The red-headed, purple-eyed knight spends time in the desert with the bedouins.

Wednesday, May 27, 2009

In the Hand of the Goddess (Song of the Lioness 2)


In this second installment of the Song of the Lioness quartet, Alanna comes into her own in a big way. The second story is more well structured than the first, but in essence it was a continuation of the first story. Alanna meets the Goddess on her way home from an errand she's running from her overlord (Prince Jonathan). The Goddess tells her she has three fears she must overcome, and the rest of the story details how she overcomes those three fears. Her first fear is of the Ordeal that she must undergo in order to become a knight. The second is her fear of love, and the third fear is her fear of Duke Roger. By the end of the story, Alanna has developed a romantic relationship with Prince Jonathan, undergone the Ordeal for Knighthood, and defeated Duke Roger. It wraps up well.

Tuesday, May 26, 2009

Alanna The First Adventure (Song of the Lioness 1)

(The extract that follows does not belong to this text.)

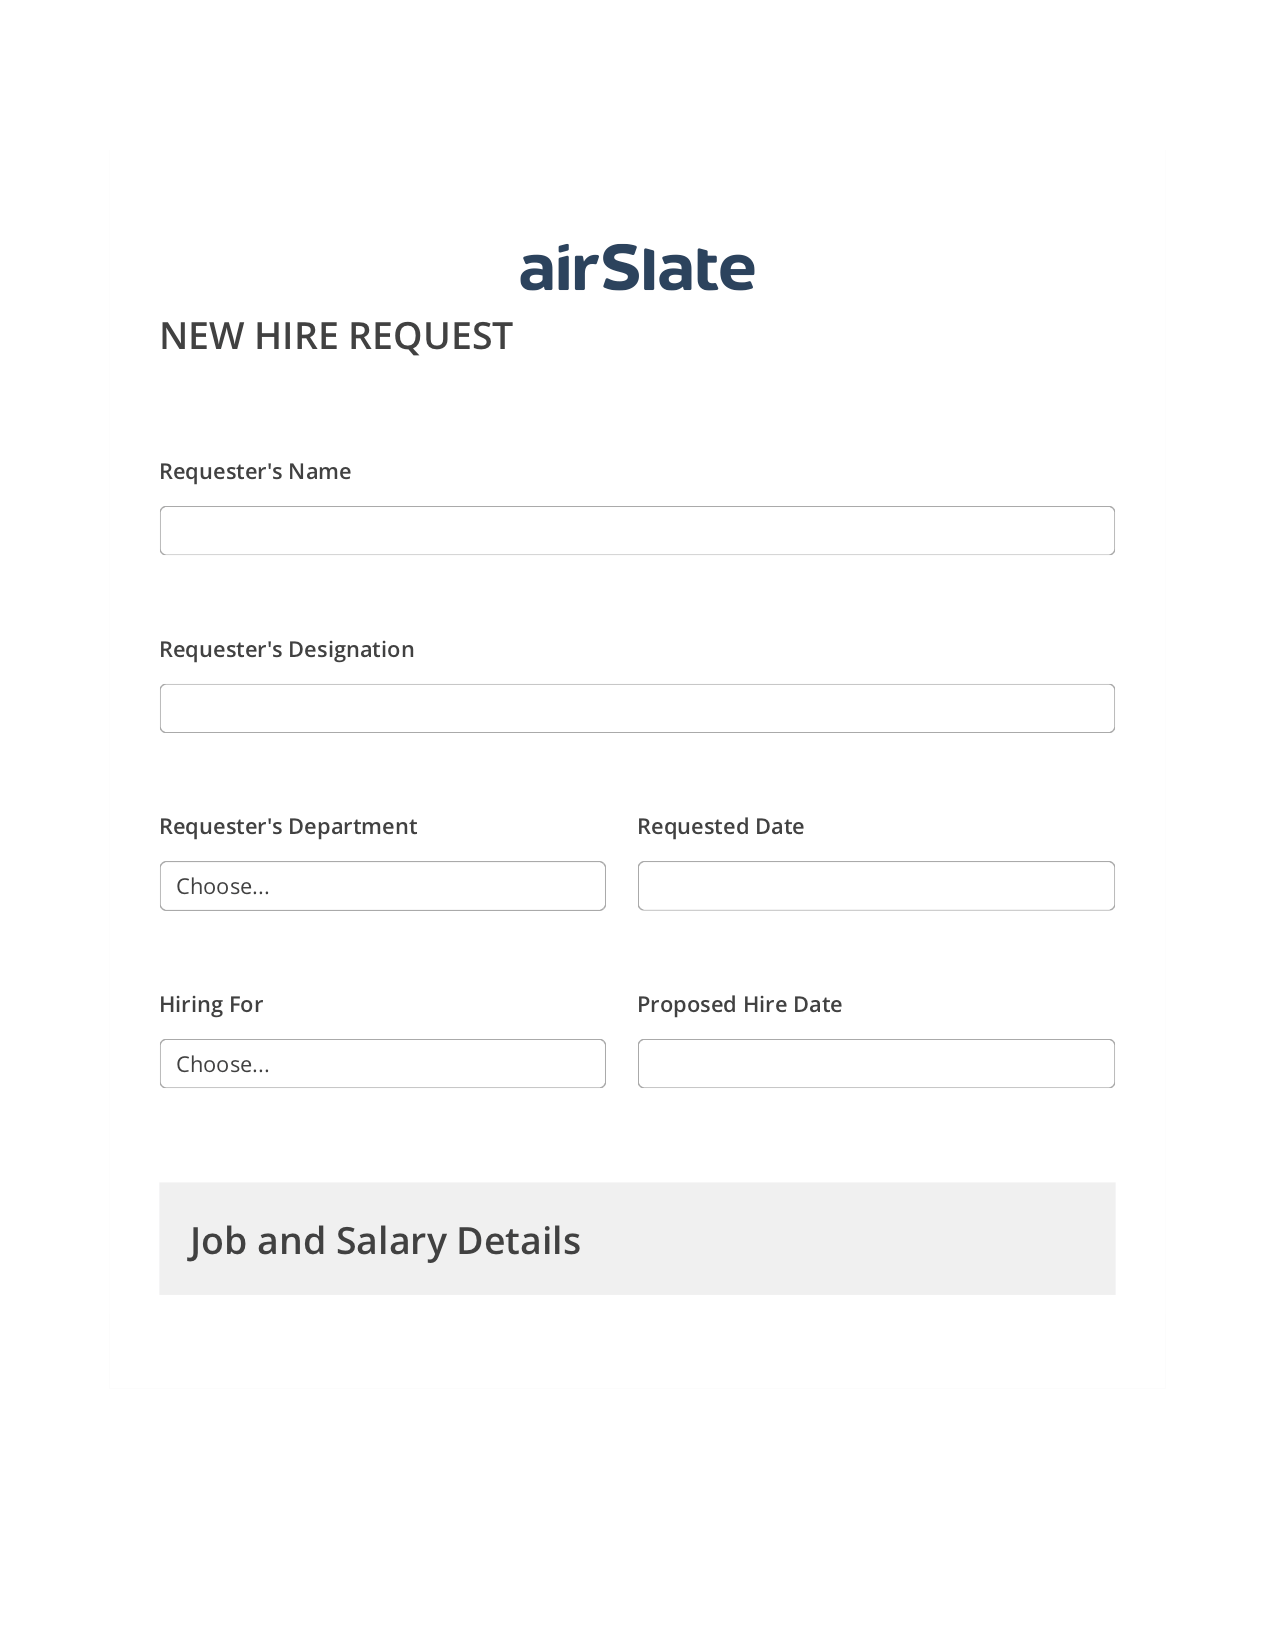 Multirole Hiring Request Workflow Pre-fill from another Slate Bot, Lock the Slate Bot, Archive to Box Bot

What is it about the idea of fantasy education that fascinates me so much? I don't know. All I know is that there are innumerable reasons why I think educators can learn from the fictional schools created in fantasy novels. One thing I have learned overall is that we coddle our students way too much. Students appreciate a business-like manner in the classroom. They enjoy a challenge. From Ms. Tamora Pierce I have learned that theoretical education is best done in the mornings and physical activity in the afternoon. Another lesson that echoes what can be learned in Rowling's series is that a theoretical education, not balanced by practical application is evil. I will explain, but not in this post. I'll save this one for why I enjoyed this first installment in the Song of the Lioness series.

Alanna, one of twins born to a nobleman who loves his books more than his children, decides to switch places with her brother Thom. Thom has always wanted to be a sorcerer and Alanna has always wanted to be a knight. Forging their father's signature, Alanna becomes Alan and heads to palace for page training, and Thom heads to the convent to be trained in magic. Alanna experiences great success in her ardous training as a page. She makes friends with the Prince (Jonathan) and one of her better teachers (Myles). She defeats her childhood nemesis Ralon, heals Jonathan from the sweating sickness that has been sapping all the healers of their strength, and eventually helps Jonathan to defeat the Ysandir of the Black City. Along the way, Alanna makes a much more adult enemy in the form of Duke Roger who wants to replace Jonathan as heir to the thrown of Tortall.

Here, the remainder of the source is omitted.